The most striking thing about this book is to look now onto what these women went through, and consider these were absolutely normal occurrences at the time…While these stories explain the reasons women landed in the asylums, they also told of the treatment of them and the other inmates. These stories are clear, but the authors/editors also explain what types of treatments were used at different times and how these all tied in with how the patients actually responded. While you can see their legal rights starting to improve towards the end of the time studied here, there is a definite slip in the treatment and attitude towards the inmates as these hospitals grew in size…"

The bottom line, I think, is that the times dictate what is crazy and what isn’t, and I have to wonder why it is that no matter where you look, even today, women seem to fall on the wrong side of crazy every time.


Susan Macatee said...

Great post, Liana! I know women were repressed during the Victorian era and that spurred on the drive for women's rights, but this was the 1920s!
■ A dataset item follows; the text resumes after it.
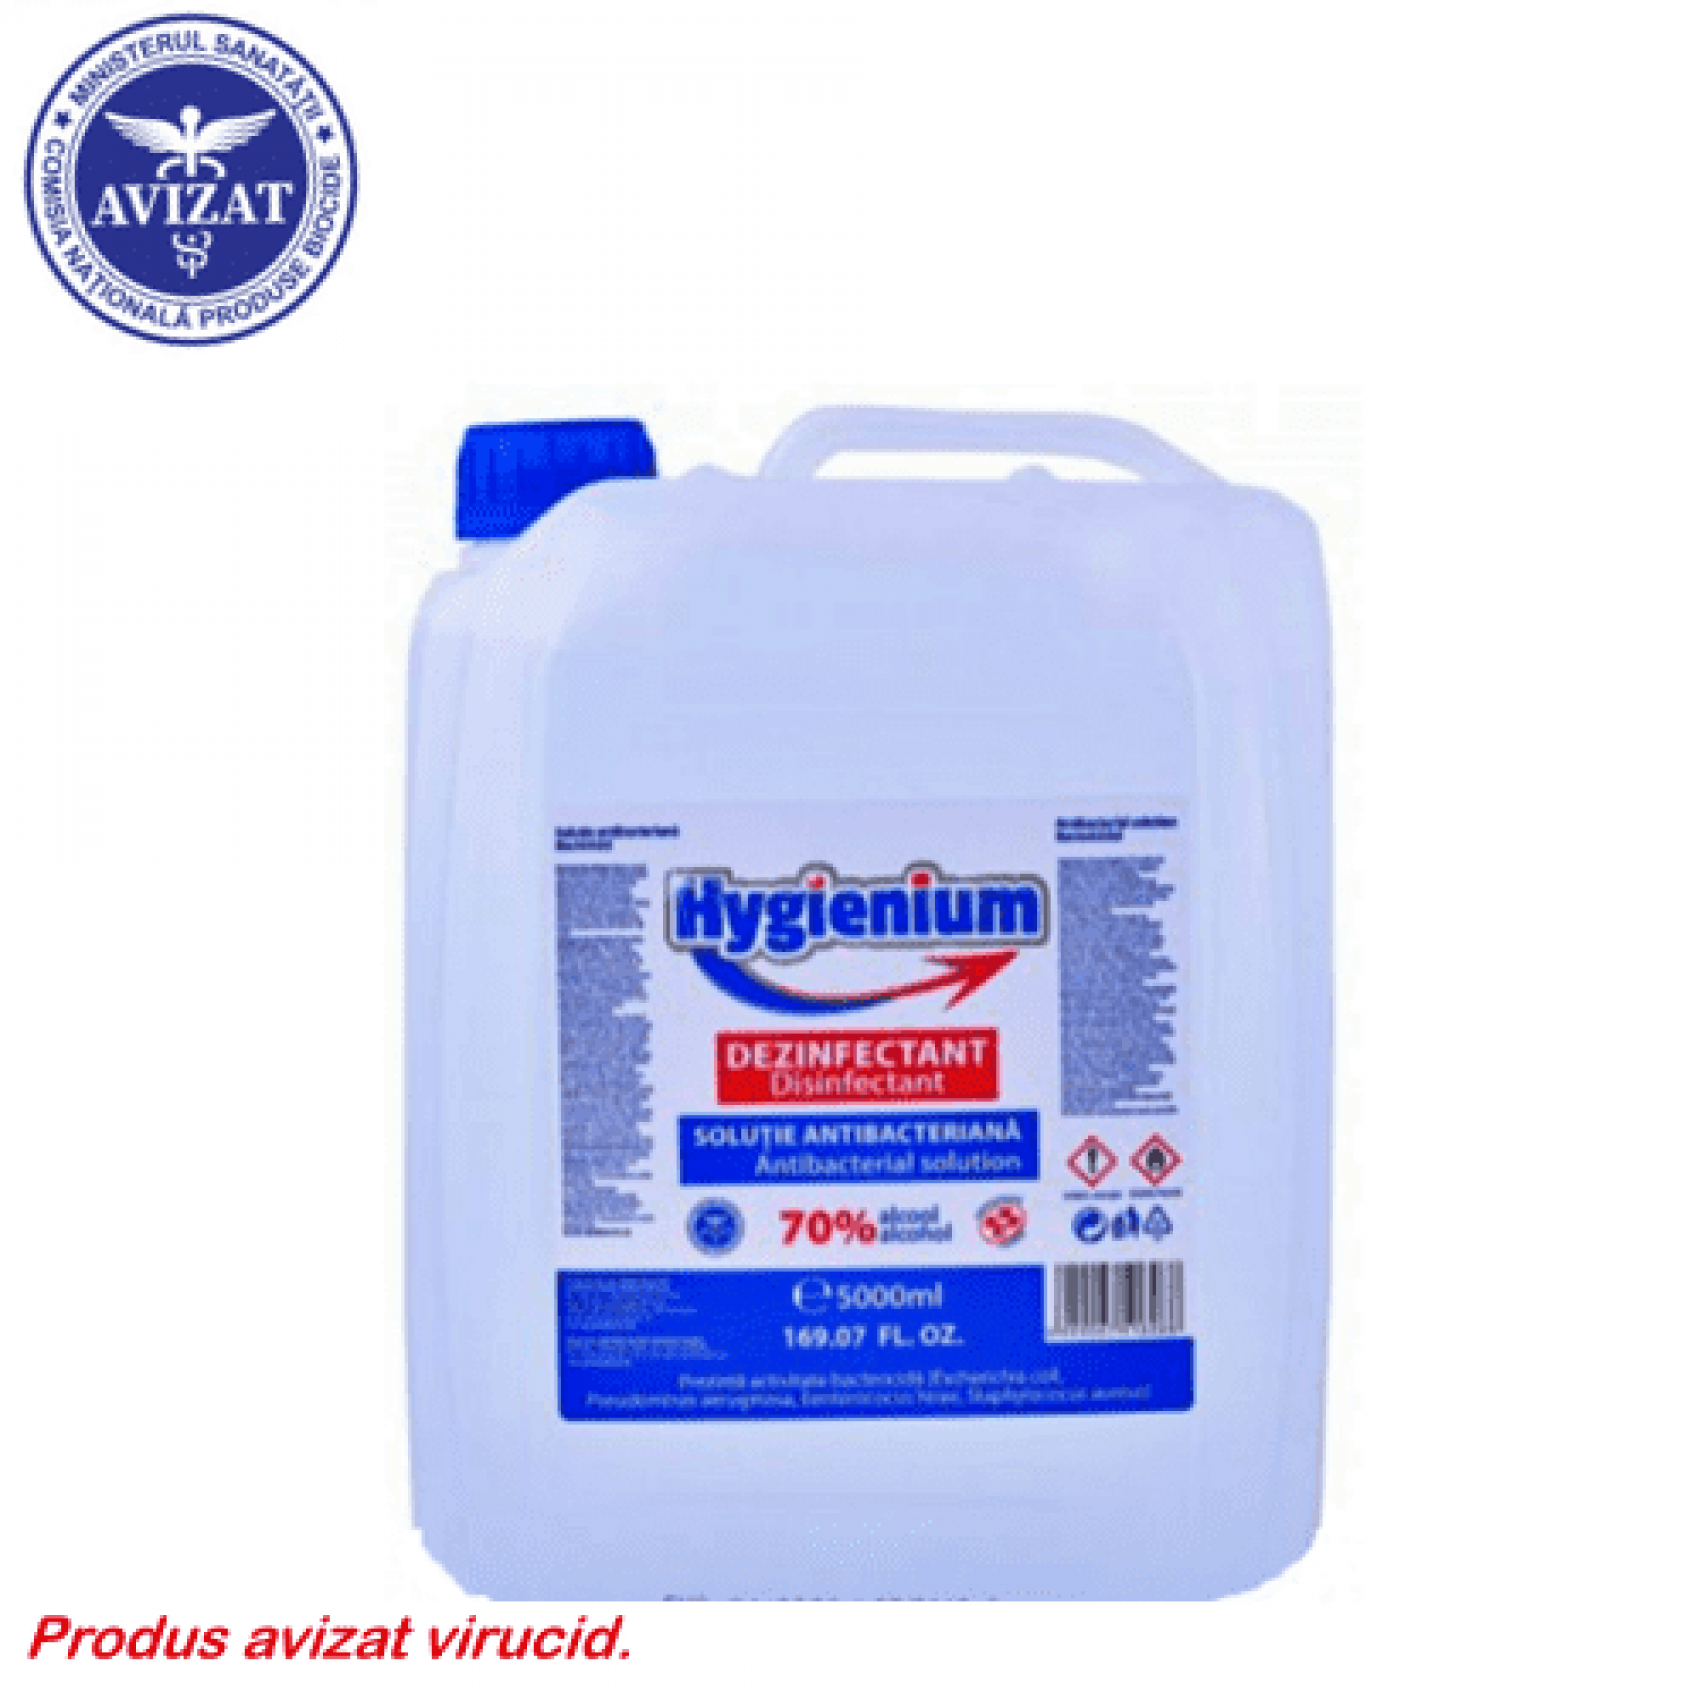 Hygienium dezinfectant virucid solutie pentru maini - 5 litri

I can't imagine being put in an asylum because the police didn't want to do their job. Thank God we have so many women on the force now!

Eva Gale said...

What an incredible post, and I think I'll have to get a copy of that book.

The thing that bothers me is that so much is still the same--except women are the ones forcing other women into those roles, esp using religious beliefs as the reason.

Kiyara said...

I recently watched a paranormal documentary about a mental asylum. The sad thing about those places a hundred years ago was that women and children were the main people locked up in them, and usually the women were there because their husbands simply did not want them anymore. If the man said she was ill or nuts, the asylum would take her in, and then the husband could marry someone else. Sad and an outrage. And you are right about these things happening only 100 years ago being so scary!

P.S. I have read Jake's Return. Nice love story!

Doralynn Kennedy said...

Good lord... that is scary. Makes me, 1) glad that I stayed single, and 2) glad that I live in modern day America... as opposed to the, say, the Middle East. Women in the Middle East still face the same challenges. Did you see the movie The Stoning of Soraya M? It's a true story. You should watch it. It's exactly what you're talking about, only it happened recently. Come to think of it, I don't know if it's on DVD yet. Doralynn

Sheryl Browne said...

"Insanity is relative. It depends on who has who locked in what cage."
Ray Bradbury

Which is why we should never allow ourselves to be labelled. How hard must it have been to be surrounded by madness--outside of the asylum.
Know your own mind, I say, whatever anyone else tries to tell you.

Great post!

Jana Richards said...

Hi Liana,
What a thought provoking blog. I am so grateful to be living in the age and the place that I am. It's heartbreaking to know a woman could be locked away just for being herself.


Andrea I said...

Thanks for your post. My daughter and I watched The Changeling together. She knew it was a true story. It was relevant and meaningful to both of us as we are bipolar. In another time, both of us would have been locked away from society.